What is the bias-variance tradeoff in machine learning?
The bias-variance tradeoff is the phenomenon where a model fits training data very well but performs poorly on testing data, also known as overfitting. A high-bias model is too simple and misses patterns; a high-variance model is too complex and memorizes noise. The goal is to find the sweet spot where testing data error is minimized, even if training data fit isn't perfect.
How do I split data into training and testing sets?
Designate a portion of your raw dataset as training data to build your models, and hold out a separate portion as testing data to evaluate them. The testing data must never be used during model fitting. Use a principled sampling method — such as random stratified splitting — rather than arbitrary selection, so your evaluation reflects real-world performance fairly.
How do I compare two machine learning models fairly?
Fit both models to the same training data, then generate predictions on the same held-out testing data. For each model, calculate the sum of distances — the total error between actual and predicted values for every testing data point. The model with the smaller total error wins, regardless of complexity. Never compare models based solely on how well they fit training data.
How does the StatQuest approach compare to just picking the most popular algorithm?

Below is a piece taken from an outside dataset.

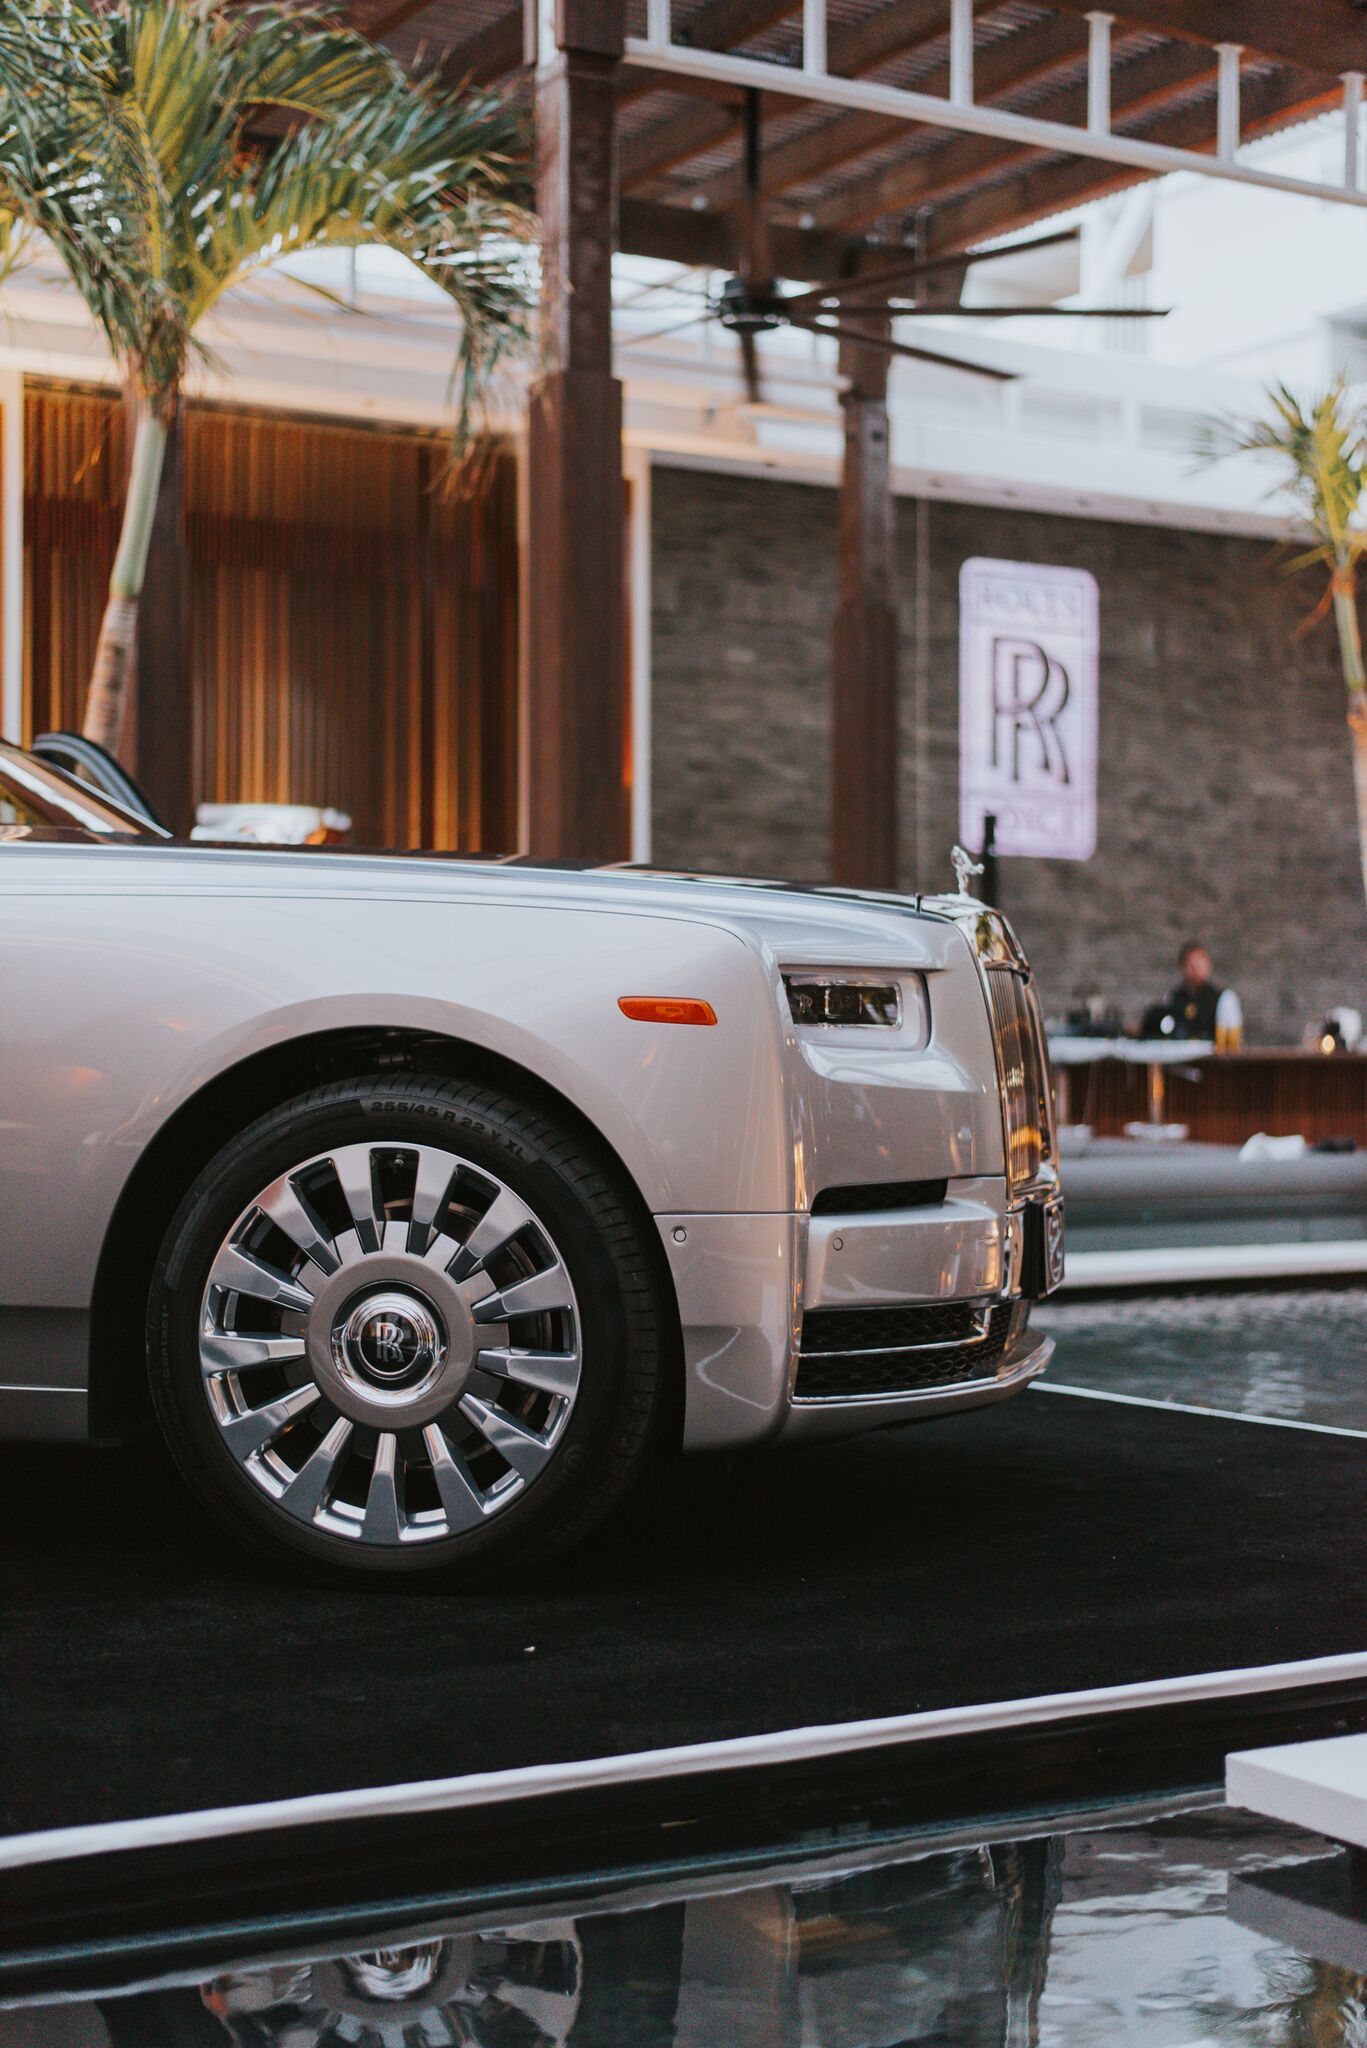 By Design: Rolls-Royce Phantom VIII

The StatQuest approach lets testing data performance decide the winner, while picking the most popular algorithm relies on reputation or trends. A simple linear model can outperform a neural network on a given dataset. The StatQuest methodology forces you to measure actual error on unseen data, preventing the common mistake of choosing a method because it has a fancy name rather than proven results.
When should I use the StatQuest Machine Learning Foundations Skill?

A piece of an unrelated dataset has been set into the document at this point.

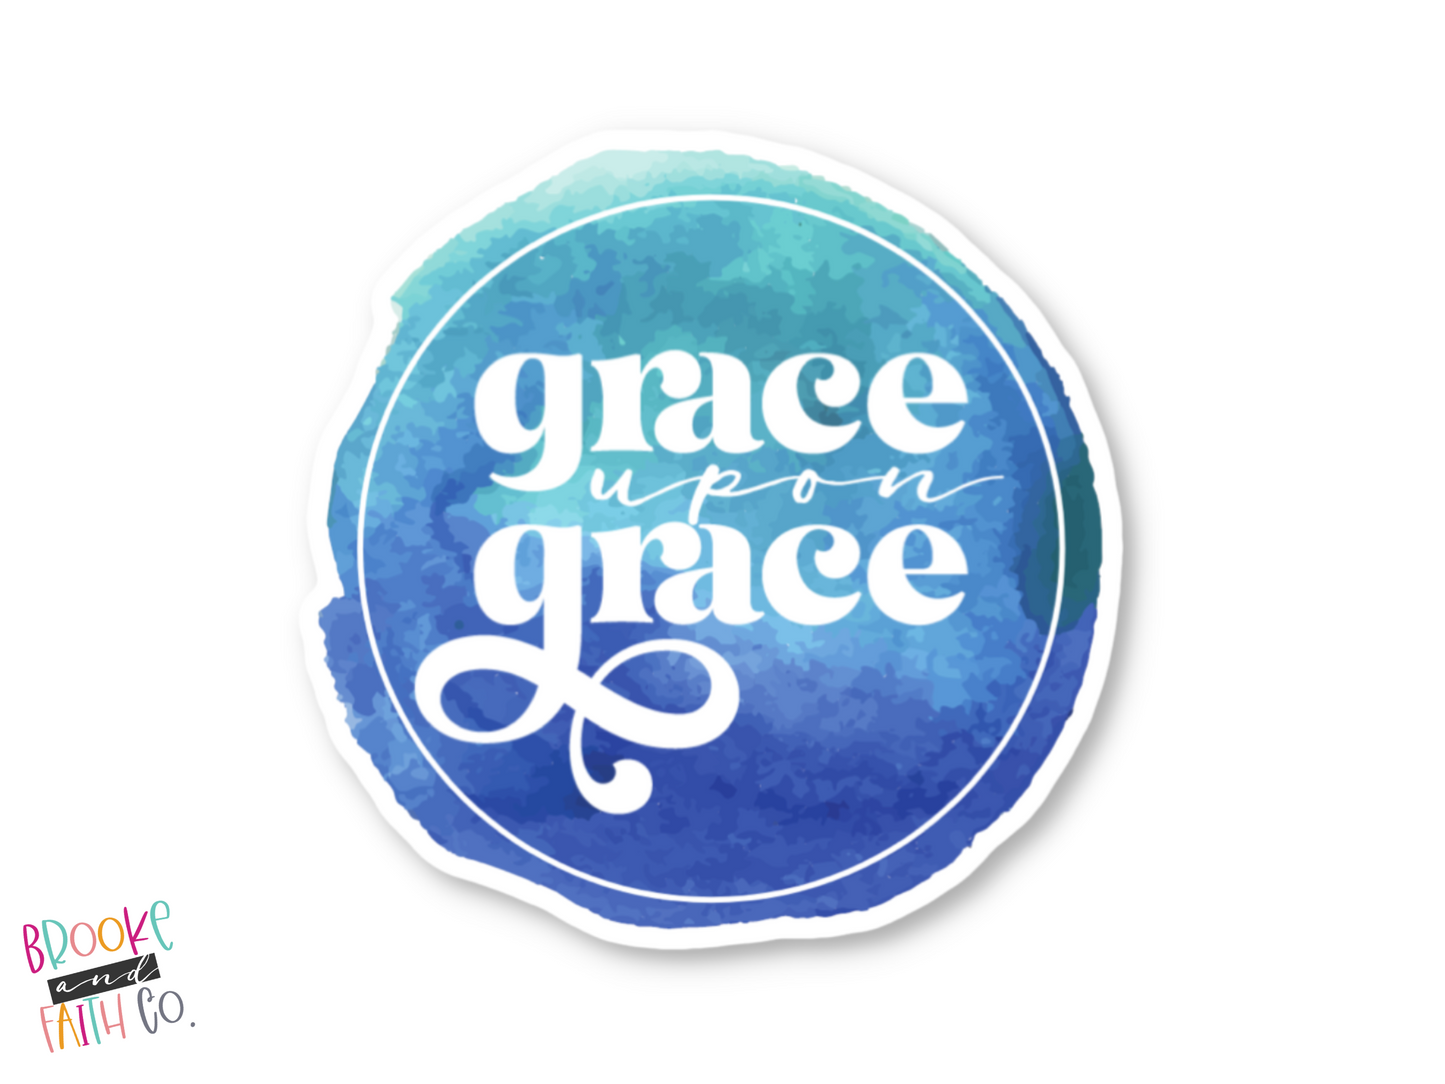 Grace Upon Grace Vinyl Sticker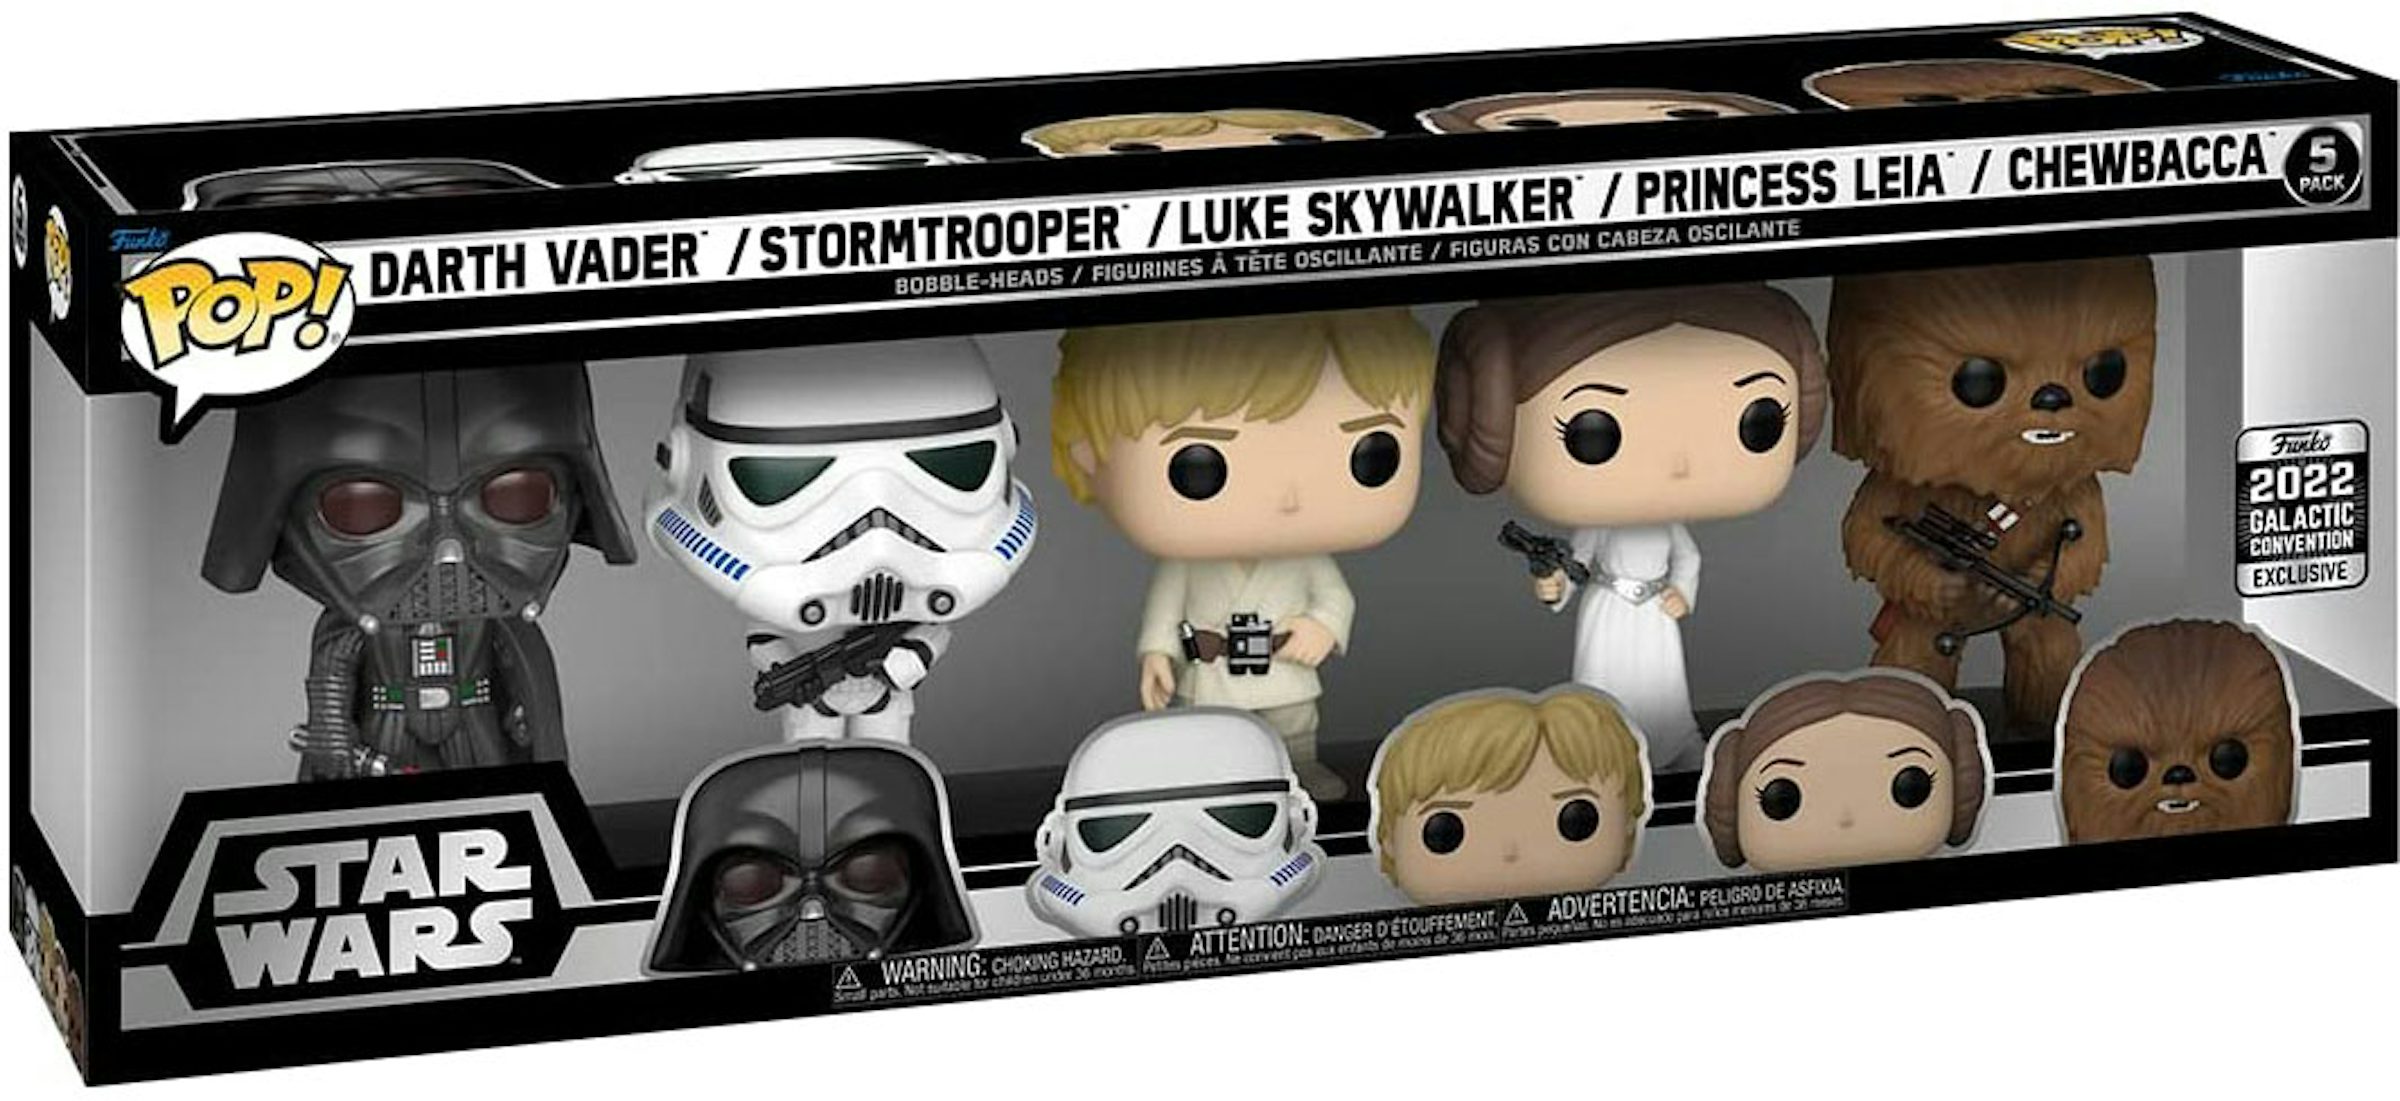 https://images.stockx.com/images/Funko-Pop-Star-Wars-Darth-Vader-Stormtrooper-Luke-Skywalker-Princess-Leia-Chewbacca-2022-Galactic-Convention-Exclusive-5-Pack.jpg?fit=fill&bg=FFFFFF&w=1200&h=857&fm=jpg&auto=compress&dpr=2&trim=color&updated_at=1654204461&q=60

Use it whenever you need to build, compare, or explain a machine learning approach for any prediction or classification task. It is especially useful when deciding between models of different complexity, validating that a model will work in the real world, or explaining your model choice to non-technical stakeholders in plain language.
What results can I expect after applying the StatQuest methodology?

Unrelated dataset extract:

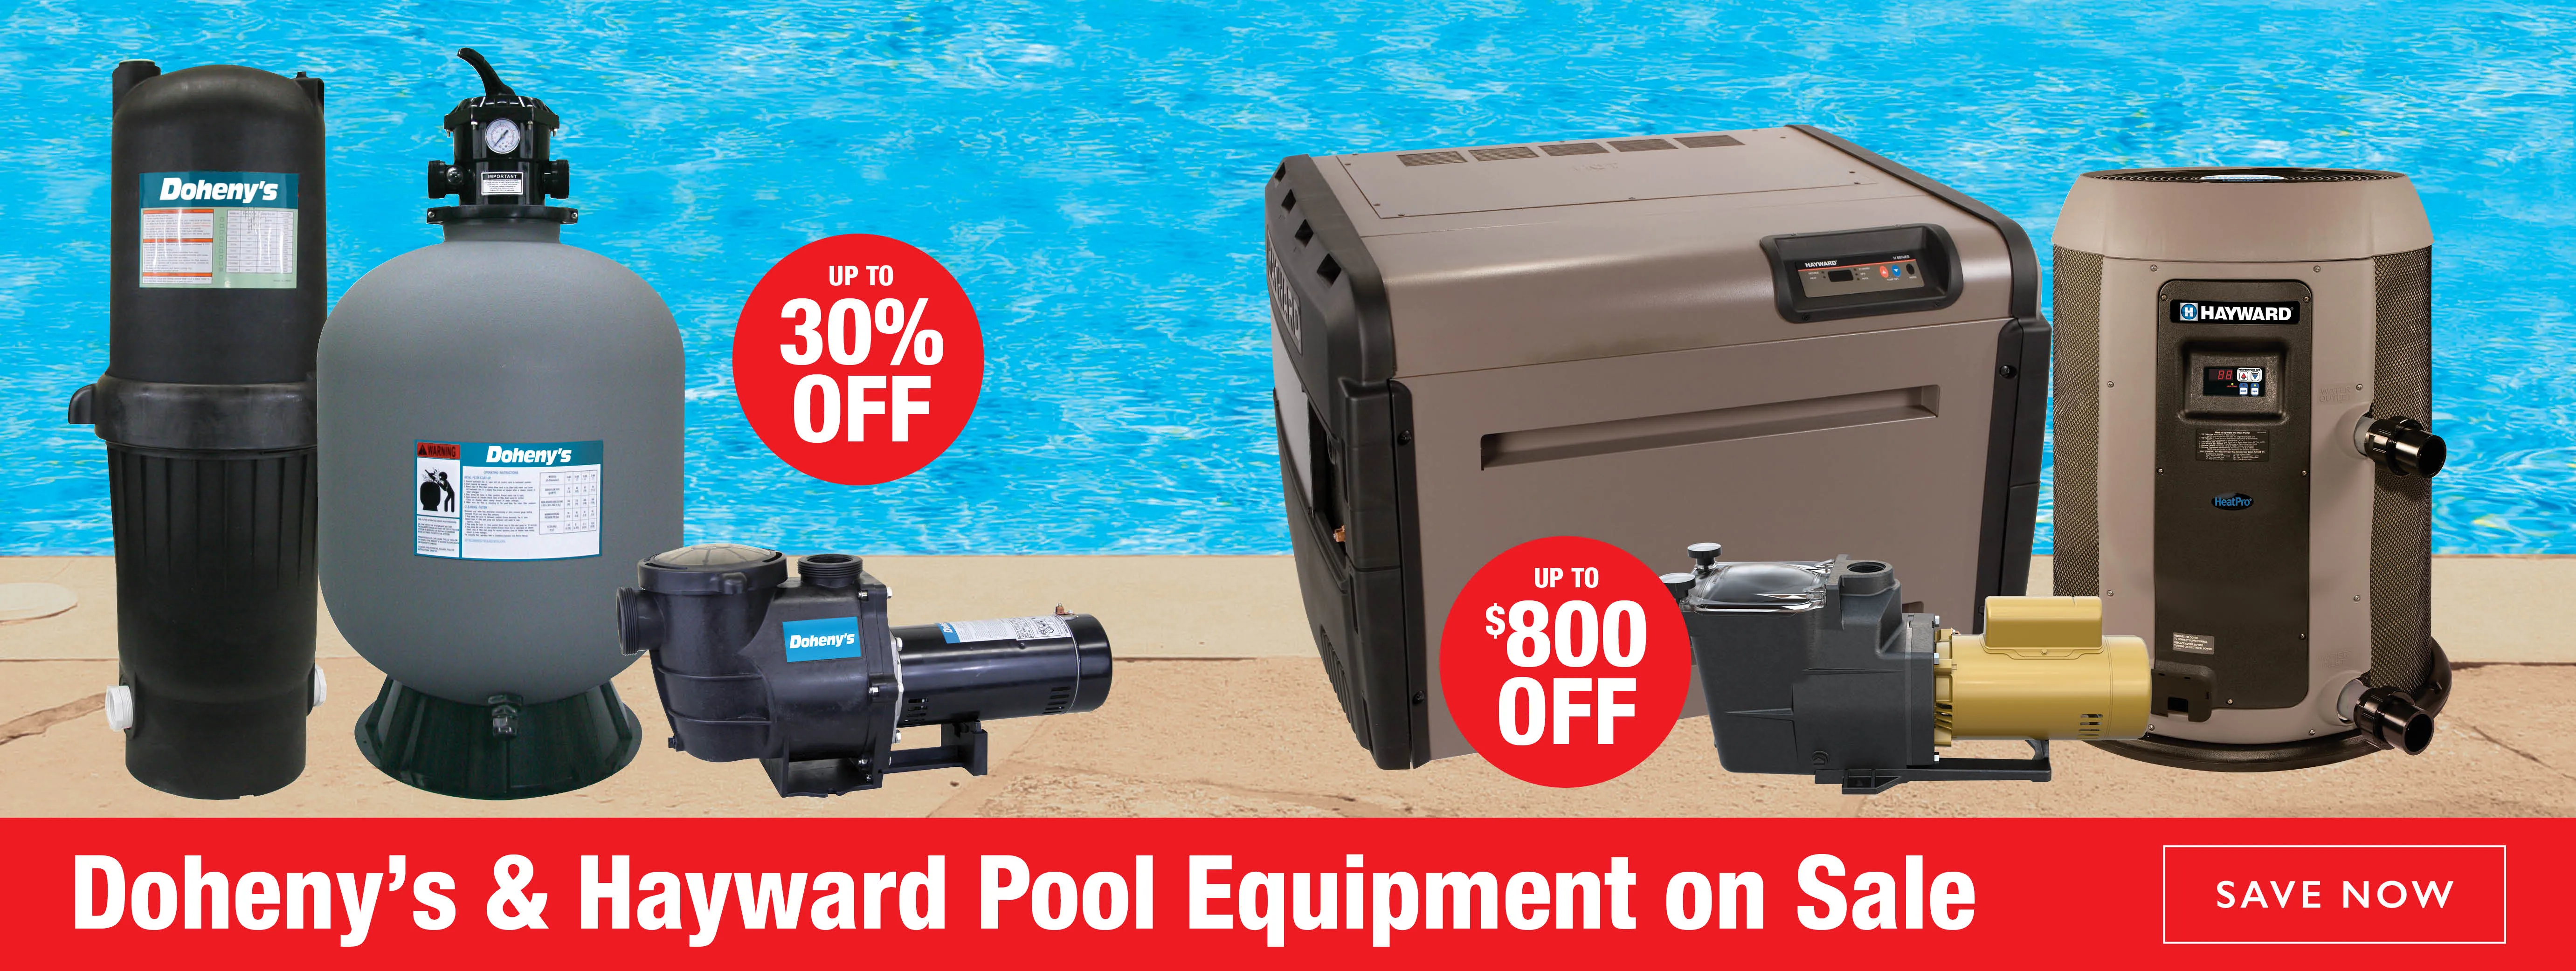 Save on Doheny & Hayward Pool Equipment

You can expect a clearly justified model selection backed by testing data performance, not guesswork. You will have quantified error metrics for each candidate model, a transparent rationale for why the winning model was chosen, and a plain-language explanation of how the model works. This reduces the risk of deploying an overfit model that fails on real-world data.
What is the sum of distances in machine learning model evaluation?
The sum of distances is the total error of a model on testing data, calculated by summing the absolute differences between each actual value and each predicted value across all testing data points. For classification problems, it's the count of misclassifications. It serves as the primary metric for comparing candidate models — the lower the sum, the better the model.
What's the difference between prediction and classification in machine learning?
Prediction estimates a continuous numerical value for new data, such as how fast someone will run or how much a plant will grow. Classification assigns new data to a discrete category, such as whether a customer will churn or not. Every machine learning problem falls into one of these two types, and correctly identifying which one you're solving determines your methods and error metrics.
Why do simple models sometimes beat complex models in machine learning?
Simple models often beat complex models because complex models are more prone to overfitting — they memorize noise in the training data rather than learning the true underlying pattern. When evaluated on testing data, the overfit complex model performs worse. The StatQuest methodology explicitly guards against this by always judging models on testing data performance, not training data fit.